The next day I drove into the Golden Hills to have lunch with HRM. After lunch Hayden, Jake, and Jordan decided to wash the Mitsubishi which had gotten covered with bird poo after I had parked it for a few days under a large tree in the Enchanted Forest.
That’s all. Take care. Wear you mask. And, never forget to,
PETRILLO’S COMMENTARY:
A. Good News — Perhaps.
One morning while perusing the “recent stories” section of Daily Kos as I often do, I came across and interesting comment about future population growth. The author mentions that:
“Researchers at the University of Washington’s Institute for Health Metrics and Evaluation showed the global fertility rate nearly halved to 2.4 in 2017 – and their study, published in the Lancet, projects it will fall below 1.7 by 2100.” (https://www.bbc.com/news/health-53409521) If accurate, this may mean that humanity, if it manages to avoid some of the other threats to its continued existence, may survive the coming environmental apocalypse.
It is population growth that makes human technological advancement so deadly. As the author points out, one learns in Biology about the Bacterial Growth Curve. A single bacterium in a growth medium grows exponentially as the population doubles and redoubles until the bacteria begin to exhaust critical nutrients and toxic waste products build up, producing mortality increases. Finally the number of bacteria decreases. Unless nutrients are replenished or deadly waste removed extinction becomes probable. The implications of this are clear. As the author of the article states:
“Unthinking growth is always fatal, as is unthinking. Natural laws know no pity, neither for bacteria nor humans.
He then explains that the current drop in the global fertility rate,
…has nothing to do with sperm counts or the usual things that come to mind when discussing fertility. Instead it is being driven by more women in education and work, as well as greater access to contraception, leading to women choosing to have fewer children. In many ways, falling fertility rates are a success story.
Once again it appears that it is women who will save us.
B. Could It Happen Here?
To restate the old Santayana meme, “Those who do not prepare for the worst, are doomed to experience it.” During the past few weeks, He Who Is Not My President has:
1. Moved federal troops into Portland Oregon ostensibly to protect Federal property from Black Lives Matter protestors. Neither the governor of the State nor the Mayor of the city requested any Federal assistance in controlling the protestors The troops are unidentified and are arresting and removing protestors often far from Federal properties.
2. Threatened to also send troops to Chicago and other Democratic-controlled cities.
3. Announced he may or may not accept the results of the election should he lose.
Now we all must not forget that this is a man who kept a copy of Mein Kampf on the nightstand by his bed. He does not read much, if anything at all, but he did read this book, at least part of it. The part that pertains to the steps to be used in order to seize power. If I were a modern conspiracy theorist and this was being done by say Obama or Biden or Hillary, I would allege this was done in preparation for a coup should they lose the election.

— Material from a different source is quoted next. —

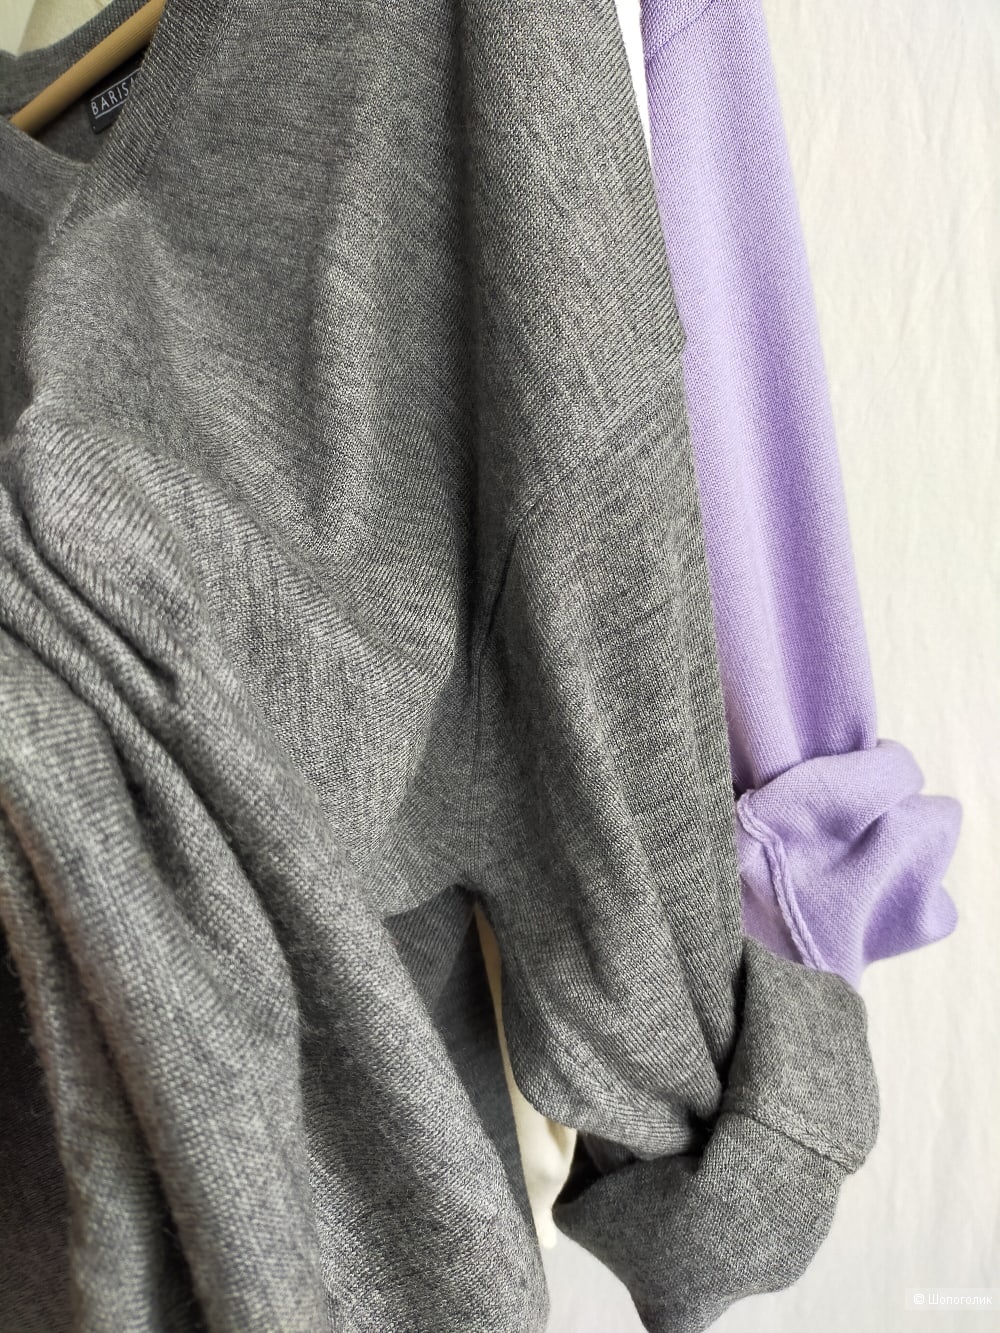 Шерстяной пуловер  Barisal, цвет грифельный, размер L / XL / XXL

Now, I may or may not qualify as a conspiracy theorist but not taking these hints seriously is foolish and not preparing deadly.
What happens if on November 3 or sometime shortly thereafter he declares the election invalid and his “irregulars” like the Boogaloo Boys, KKK, and others riot in the streets? Or more likely riot in the streets after he declares the election invalid. He then claims a state of emergency and releases military forces to patrol the streets. It is not a question of what will you do then, but what do we need to do now? We have only about 100 days.

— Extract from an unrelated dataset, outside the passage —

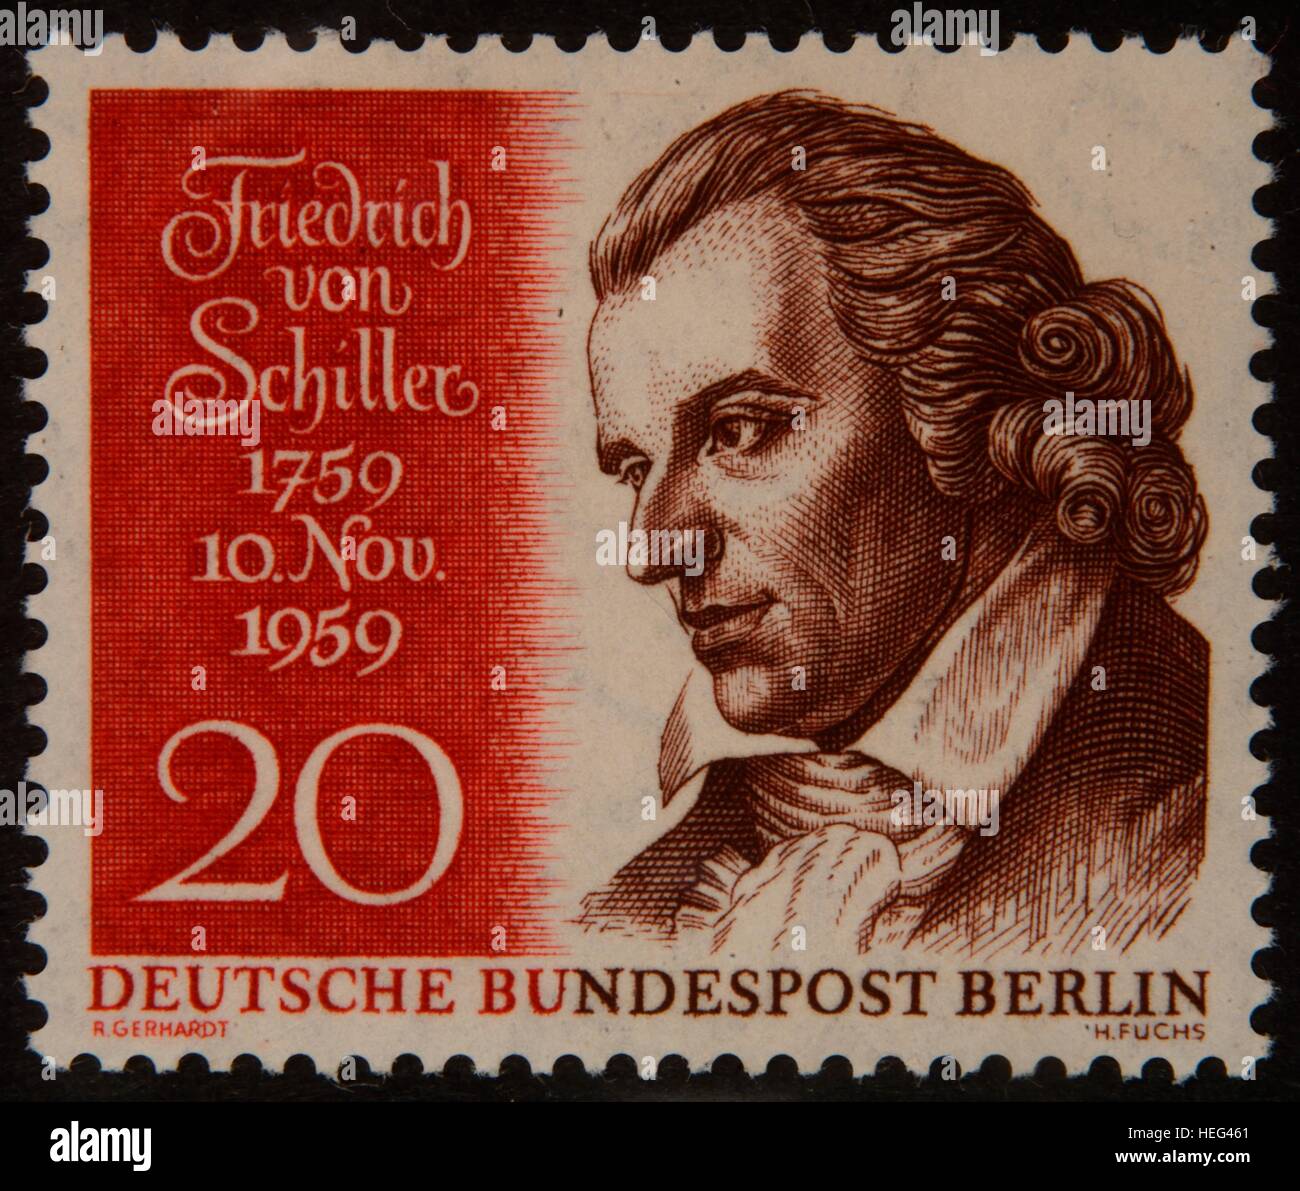 Friedrich von Schiller, poète allemand, portrait sur 1959 timbre Allemand Banque D'Images

Some knowledgeable people have told me that my worry is misplaced, the nation’s General Staff has been well trained to handle situations like this. But, coups are often led not by the Generals but the Colonels.
One thing I think would be for the Governors of the states affected to call out the state’s police force and National Guard troops in order to protect from Federal suppression those exercising their First Amendment rights. After all, wasn’t one of the purposes of the Second Amendment to provide states with a means of protecting themselves from oppression by the Federal government.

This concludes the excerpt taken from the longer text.